Ellen Bauch // The Phoenix

Loyola’s University Senate hosted an open forum to debate changes to the university’s student demonstration policy on Jan. 22.

The forum, only the second in University Senate history, was the result of concerns that the current policy is too restrictive. Three students, from the student organization Loyola Black Voices, faced allegations of violating the policy after organizing a protest in support of the University of Missouri on Nov. 12. In response, on Dec. 8, interim President John Pelissero put a moratorium on the current policy, nullifying it, while a more efficient one was debated and crafted.

University Senate Chair Noah Sobe said the demonstration policy has been a concern for the Senate since last year, when the policy was changed from requiring a demonstration request three days in advance to requiring a request 10 days in advance.

“I think there’s a pretty widespread feeling that the previous policy was unnecessarily restrictive,” Sobe said.

Sobe said that the intent behind the forum was to allow students, faculty and staff a chance to voice concerns, raise ideas and ask questions related to the demonstration policy.

“The objective is to hopefully … identify some possible paths forward,” he said.

Pelissero said the Senate and the Student Government of Loyola Chicago (SGLC) would look at the policy in order to make recommendations, but he and his cabinet have also been discussing ways to amend the policy.

“We’re looking at what other universities have in place … to see how we can modify the policy,” said Pelissero.

Many students at the forum voiced issues with having to get prior approval for demonstrations, having designated locations for protests and requiring the backing of a student organization to submit a demonstration request.

Several student organizers of the demonstration in solidarity with Mizzou in November spoke, as well as a member of the Students for Justice in Palestine.

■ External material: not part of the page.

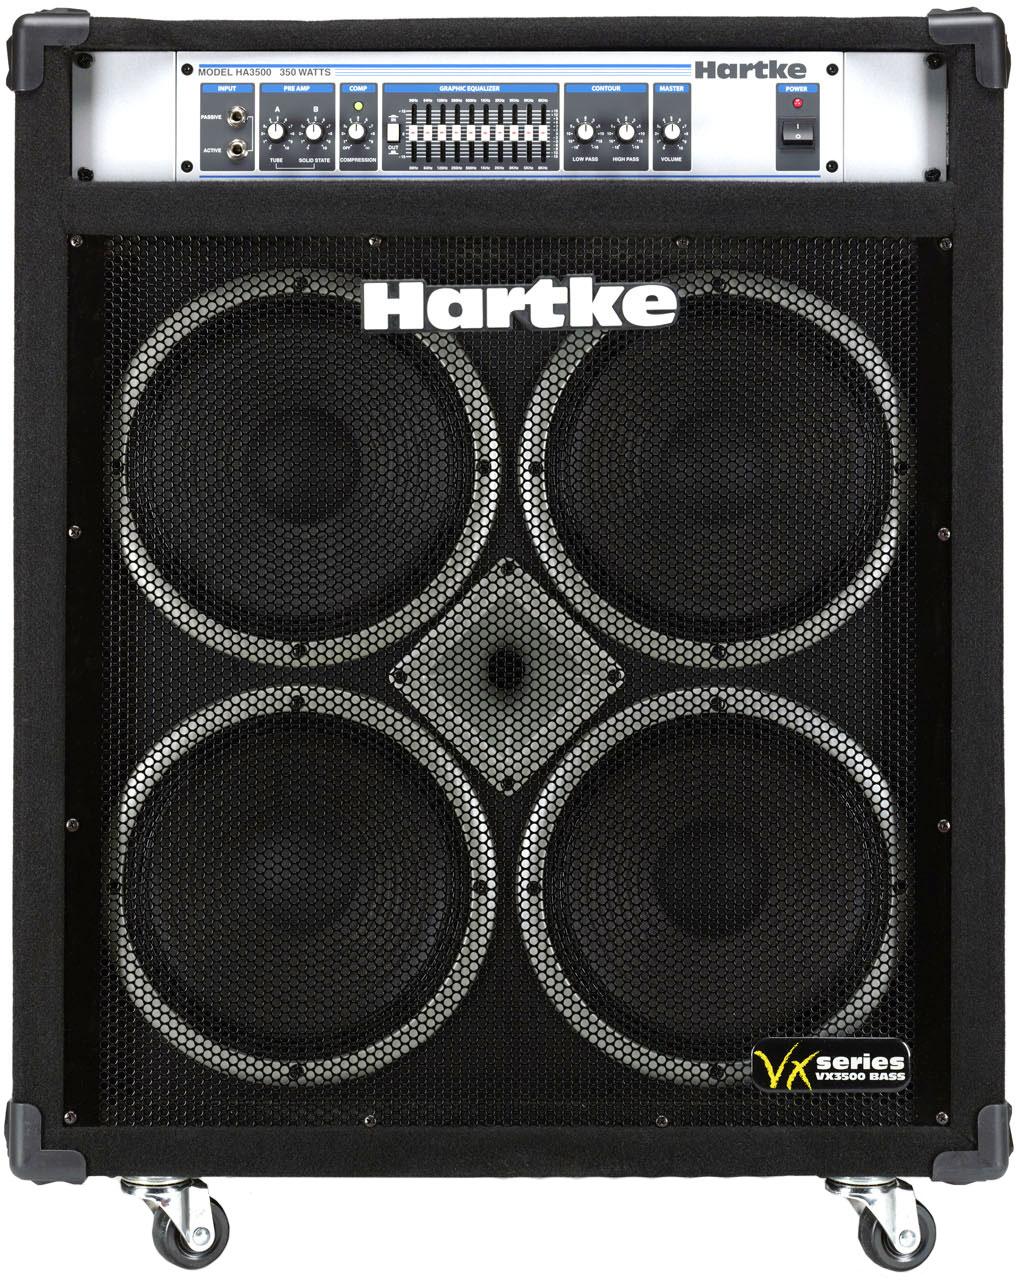 Hartke VX3500 basversterker

All commented on how the school’s policy seemed too restrictive for them. Many argued for a non-policy policy, in that students could essentially watch over themselves in protest.

Senior Melinda Bunnage, 22, is one of those in favor of a non-policy. She could face as much as suspension due to involvement in the dining hall workers’ rights rally in November.

“I’m in favor of … a policy that says students have the right to demonstrate, you know. We have the right to peaceful demonstration,” said Bunnage, a sociology and women’s and gender studies double major.

Bunnage said many important social issues at the school could be addressed by students instead of being “brushed under the rug,” as she said, “if there was actually an open place for free speech on this campus.”

Junior Jason A. Pica II, said he thought the forum went well.

“Students finally have the opportunity to speak up about [the policy],” said Pica, a 19-year-old political science major.

Pica said he is in favor of having a “minimal” demonstration policy at the university because it protects students both involved in and not involved in activism. But he said he still wants students to have the ability to speak and demonstrate freely.

K.C. Mmeje, dean of students and a Senate member, said even with the requirements under the previous policy, no request to demonstrate has ever been denied by the university.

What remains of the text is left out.